Without exaggeration: none of us can know in advance how much we can bear, nor what we may be made to bear. That can only be known by your calculating model of a sensible, decent man within the limits of the law. None of us decided in advance that we wanted to go to jail, indeed none of us made a conscious decision that he or she wanted to become a dissident.

We became dissidents without actually knowing how, and we found ourselves behind bars without really knowing how.
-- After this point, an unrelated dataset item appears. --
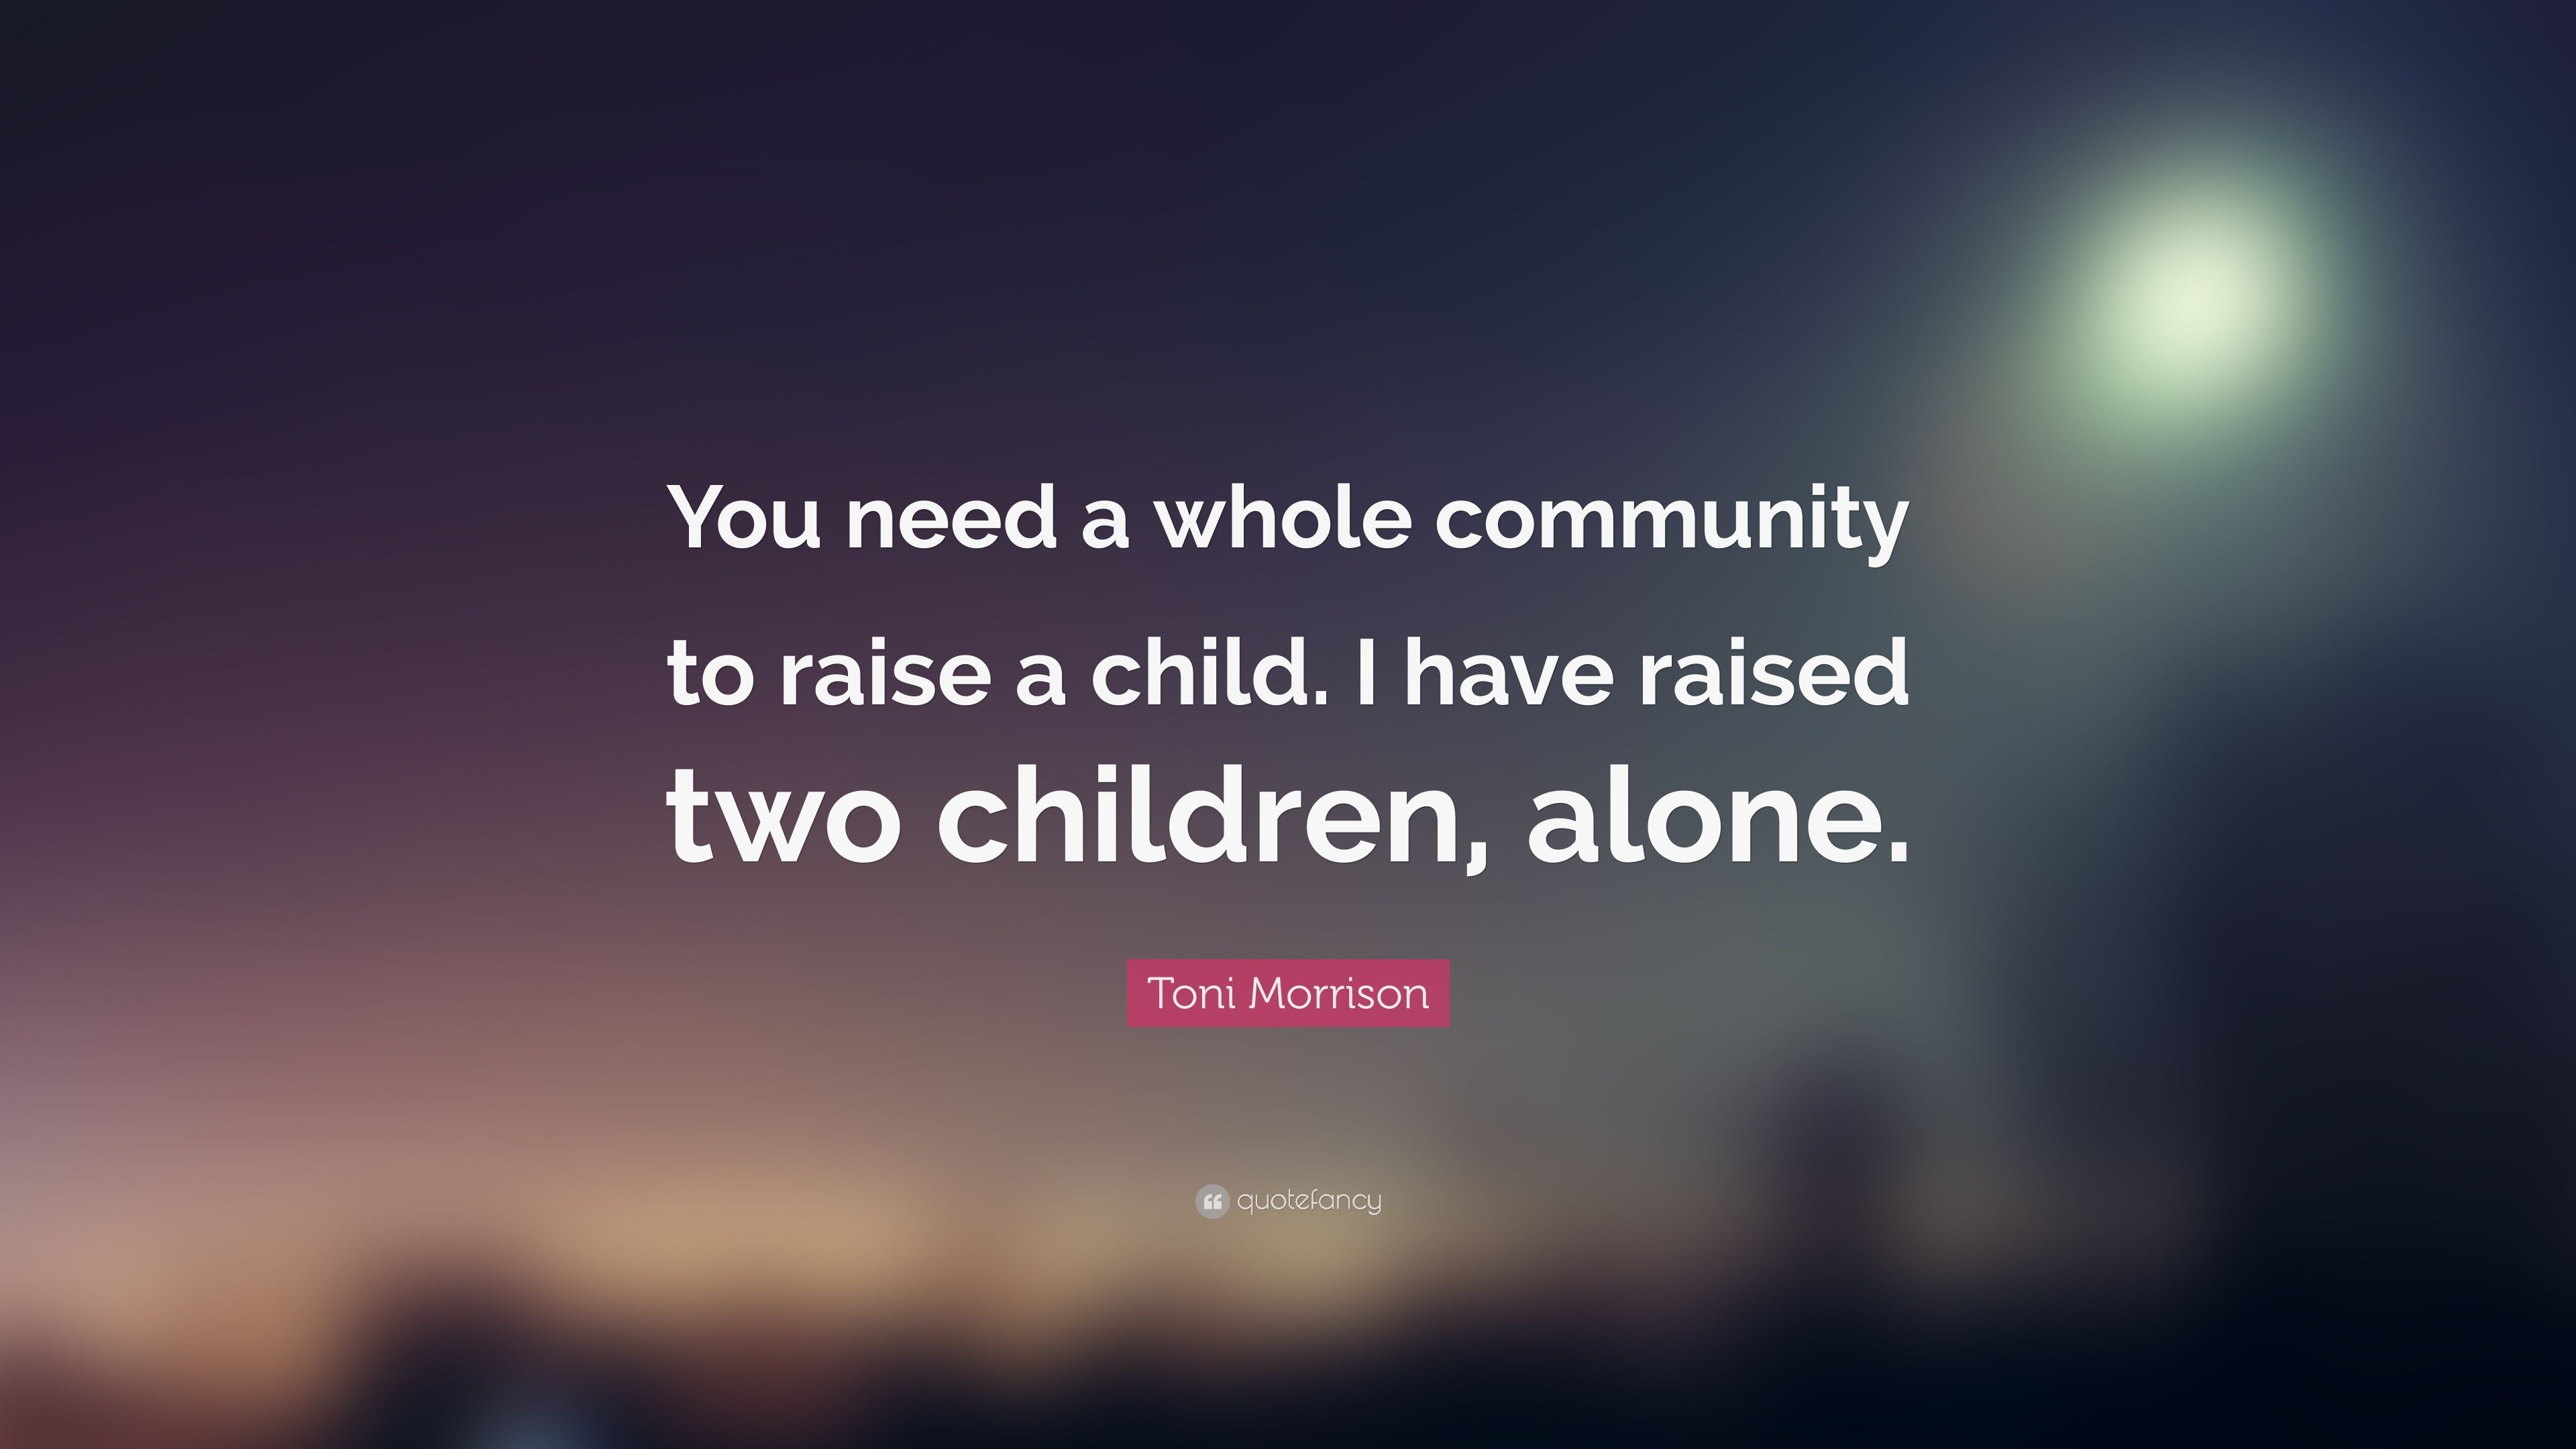 Toni Morrison Quote: “You need a whole community to raise a child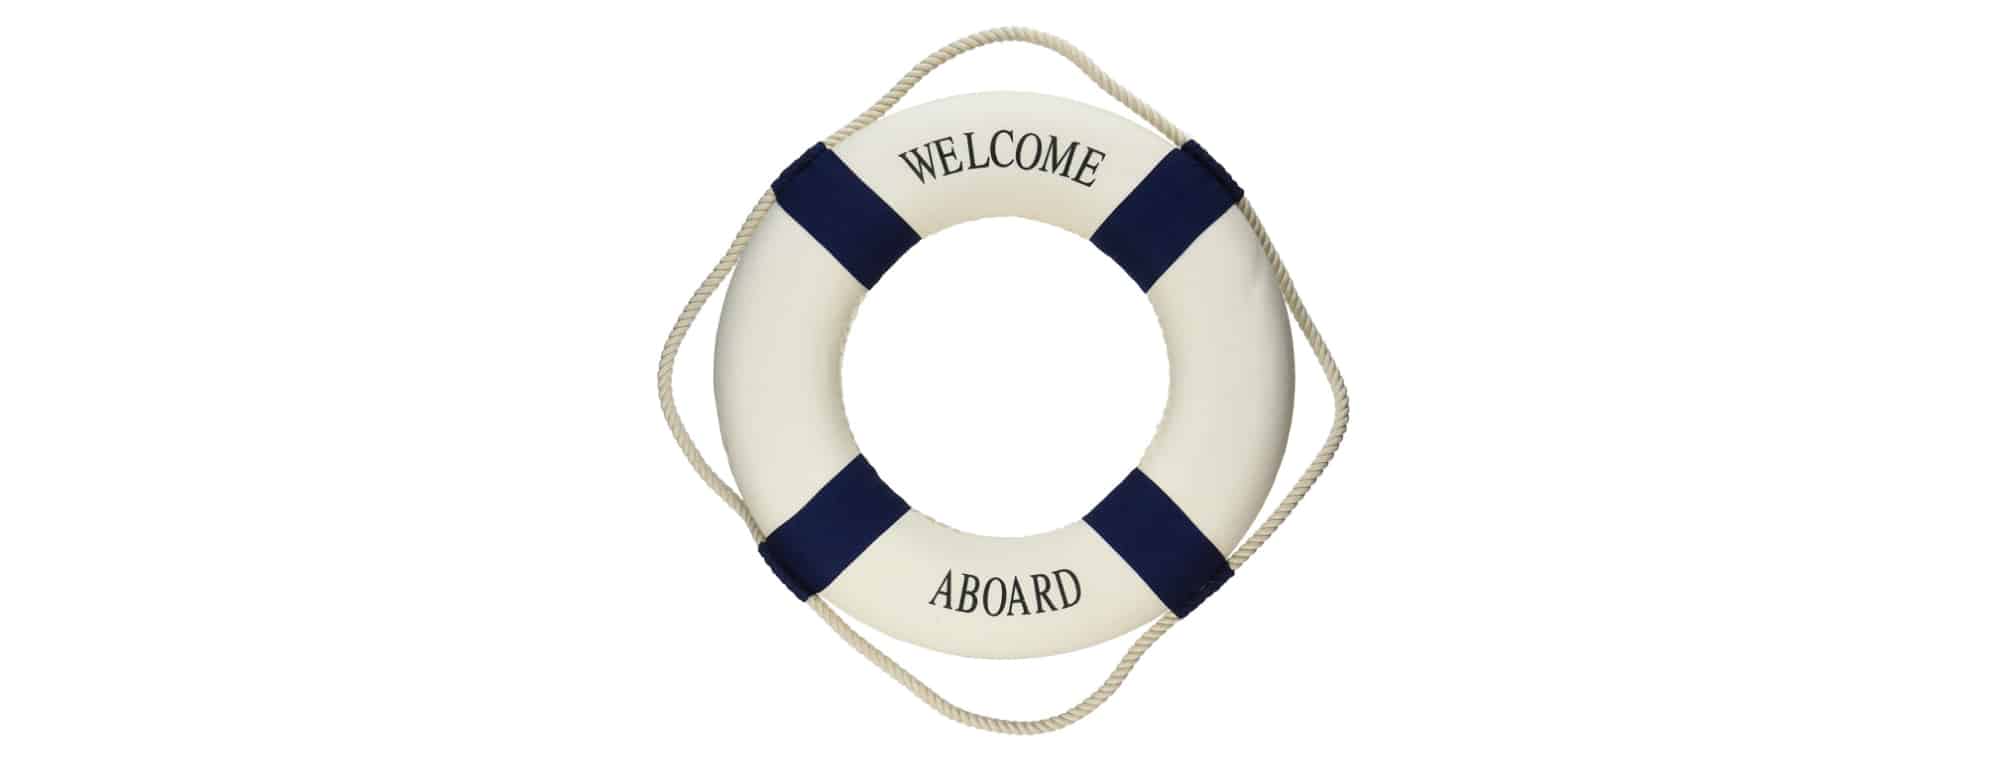 Welcome Aboard Life Ring

We simply did certain things we had to do and that it seemed propert to do: nothing more, nor less. Happy are those who are decent and haven’t landed in jail. But why should those who had that misfortune be set apart from the others? Is it not usually quite arbitrary who lands in it and who doesn’t? Those whom you call heroes, suggesting that they are overdoing things, didn’t get locked up for their ambition to become martyrs — they were locked up because of the indecency of those who put people in jail for writing novels or for playing tapes with the music of unofficial musicians.

Vaclav Havel and Graham Greene

Havel with Graham Greene at the Prague Writers’ Club, 1969

No one wants to go to jail. If people were to take your advice and calculate the risks involved in the fashion of a thief deciding whether to burgle ad supermarket, there would, for long time now, have been in our country not a single expression of solidarity with an unjustly persecuted person, not a single truthful novel or free song, not even a single feuilleton. For how can we be sure that tomorrow that won’t start putting people away for single feuilletons?

Maybe all you meant to say was that the quiet and inconspicuous humiliation of thousands of anonymous people was worse than the occasional arrest of a well-known dissident. Undoubtedly. But the question surely is, why did they arrest the dissident? Mainly, if you think about it, just because he had tried to tell the truth about that quiet and inconspicuous humiliation of thousands of anonymous people.